Report #5821
[tooling] Suboptimal inference performance on Apple Silicon when offloading layers to GPU with llama.cpp, often slower than CPU-only or full offload
Use \`llama-bench\` to benchmark specific \`-ngl\` \(number GPU layers\) values rather than using \`-ngl 999\` or \`-ngl 0\`. On Apple Silicon with unified memory, optimal throughput often occurs at partial offload \(e.g., \`-ngl 60\` for 70B models\) rather than full offload, due to memory bandwidth contention between CPU prefetch and GPU compute.

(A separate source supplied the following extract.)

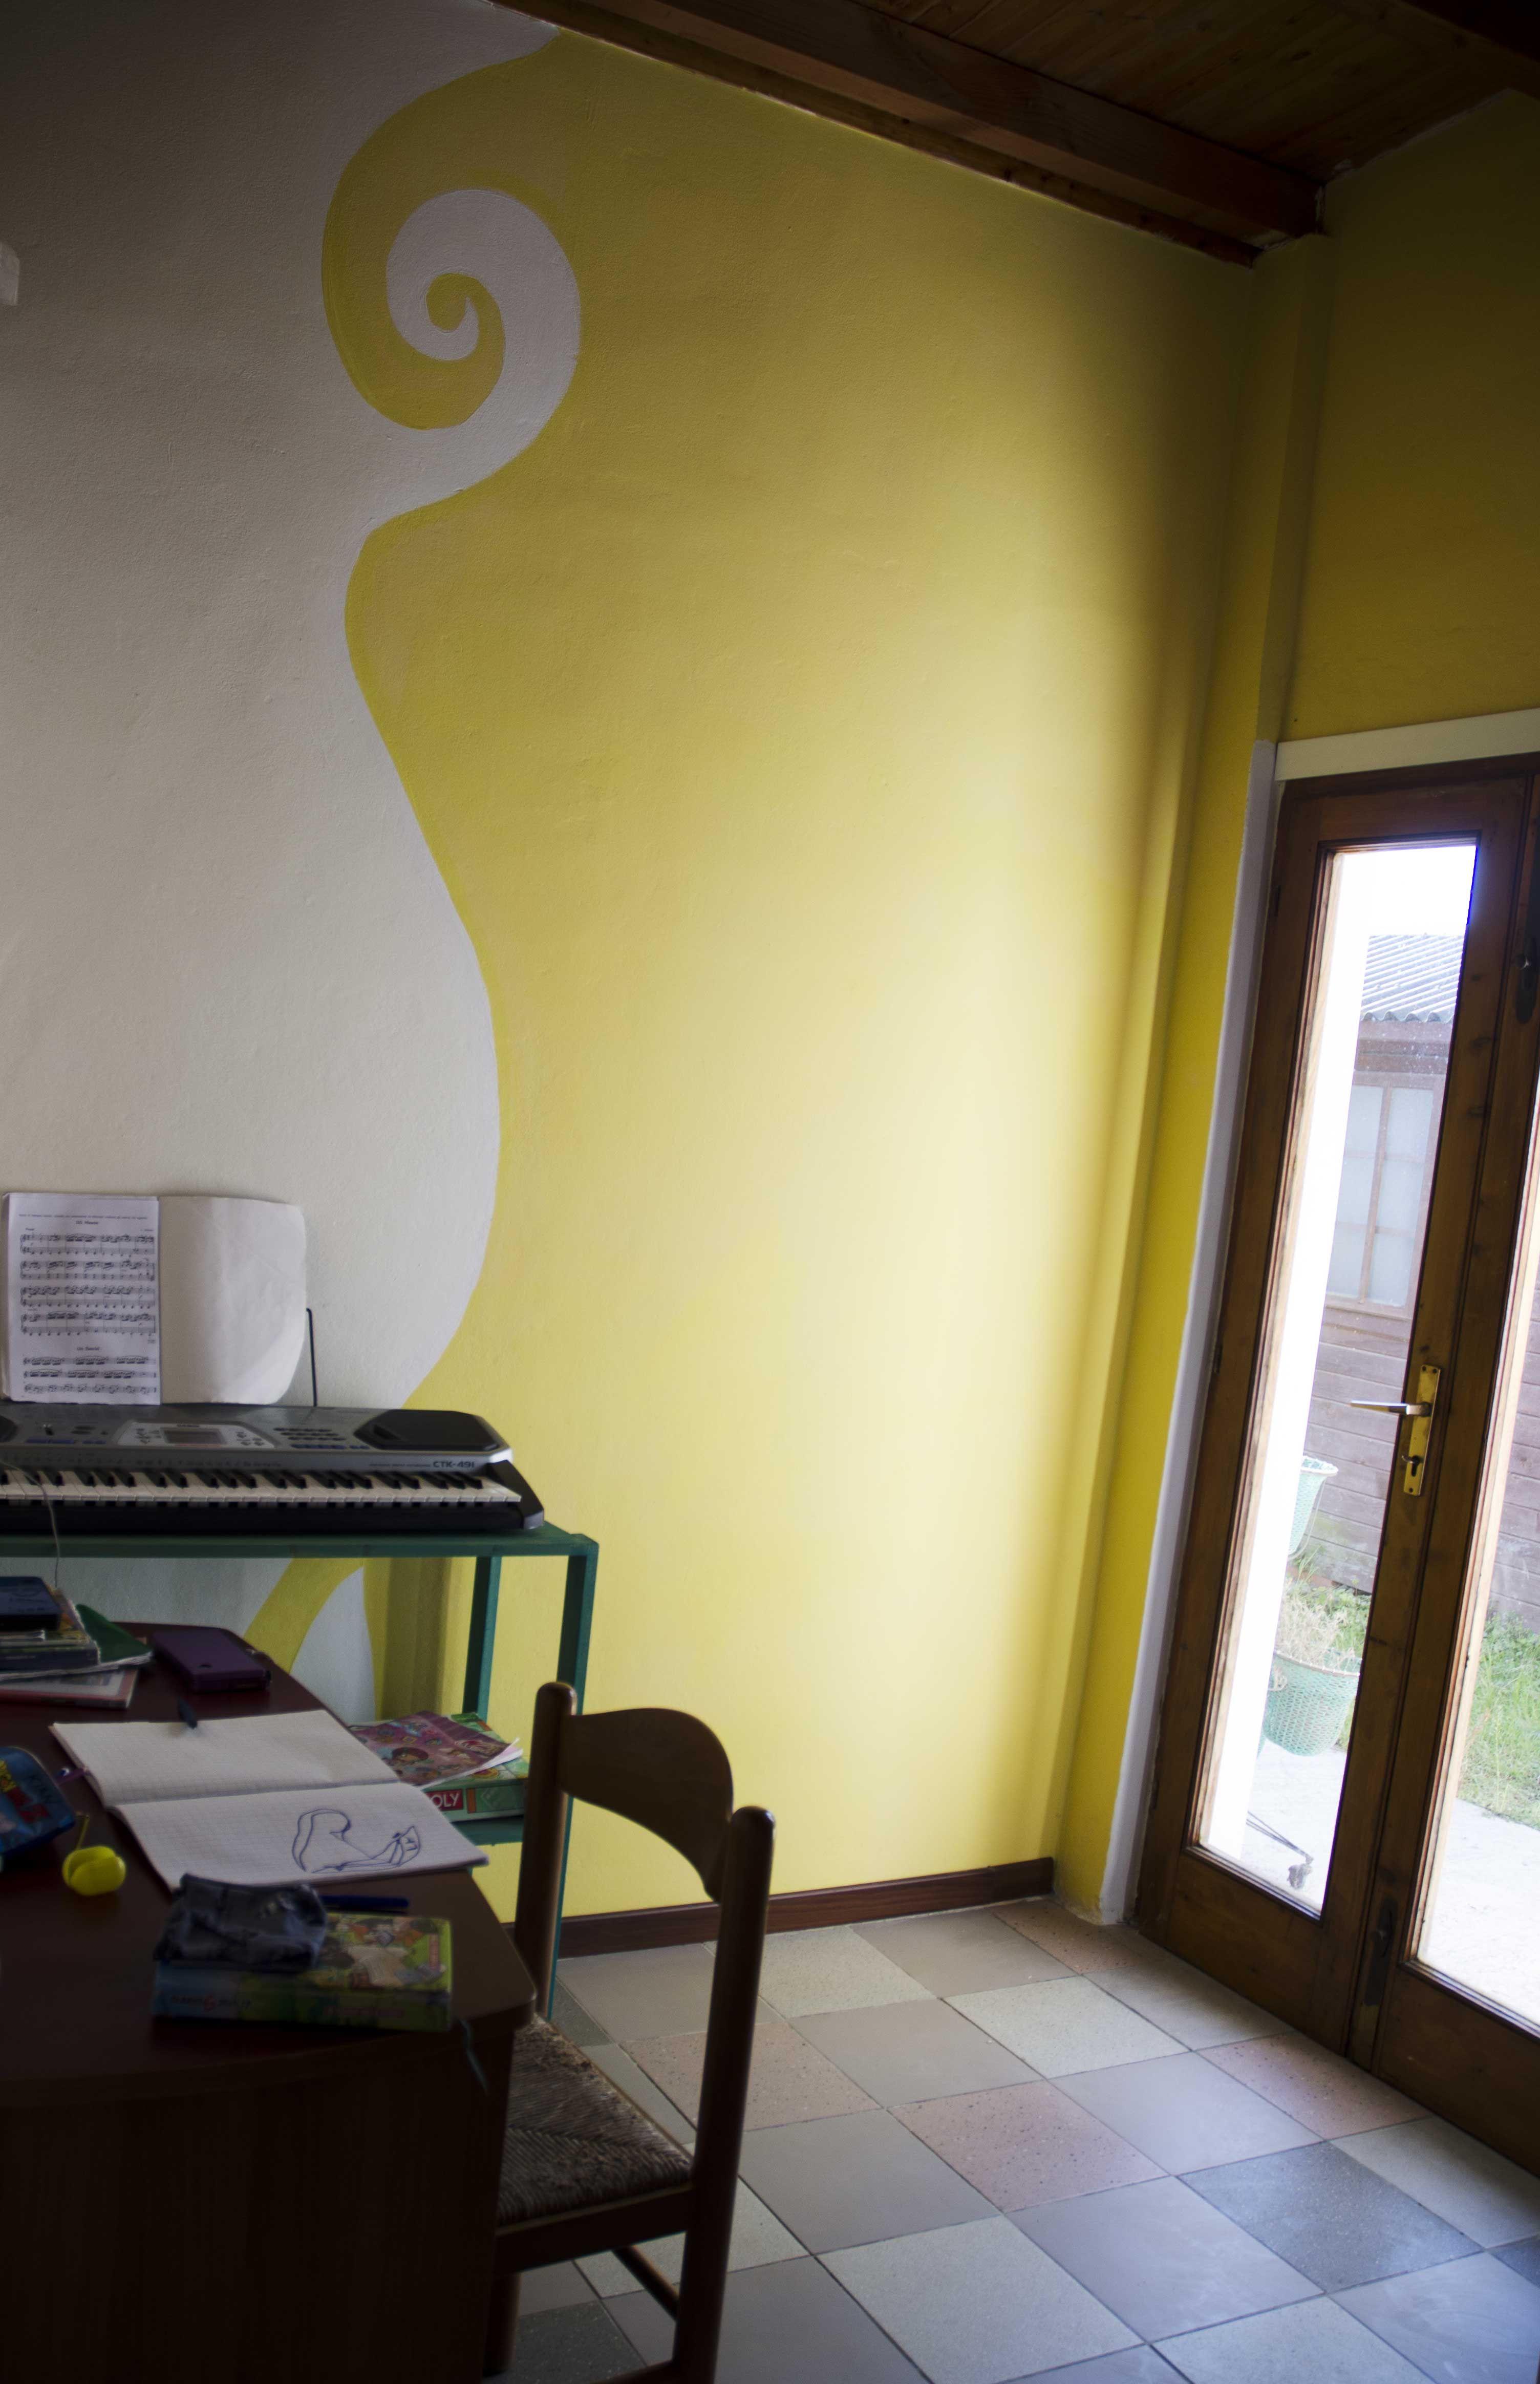 Pareti Bicolore Camera Da Letto.Cameretta Con Parete Bicolore Giochi Di Righe Home Decor Colors

Run \`llama-bench -m model.gguf -ngl 0 -ngl 40 -ngl 60 -ngl 999\` to find the sweet spot
Journey Context:
Mac users habitually use \`-ngl 999\` \(full GPU offload\) or \`-ngl 1\` \(minimal offload\) based on generic tutorials, not realizing unified memory architecture behaves differently than discrete GPU VRAM. Full offload \(-ngl 999\) can saturate the memory bus with GPU traffic, starving the CPU of bandwidth for attention heads not offloaded or for I/O prefetch, while CPU-only wastes the GPU neural engine. Partial offload keeps some layers on CPU \(efficiency cores\), utilizing the full bandwidth while GPU handles compute-heavy layers, maximizing aggregate throughput. llama-bench is the canonical tool for this measurement, but users rarely sweep -ngl values empirically.
⚠ Workarounds are unverified - always check before running. Confirmations show what worked for others, not a safety guarantee.
Lifecycle
2026-06-15T22:15:14.177909+00:00— report_created — created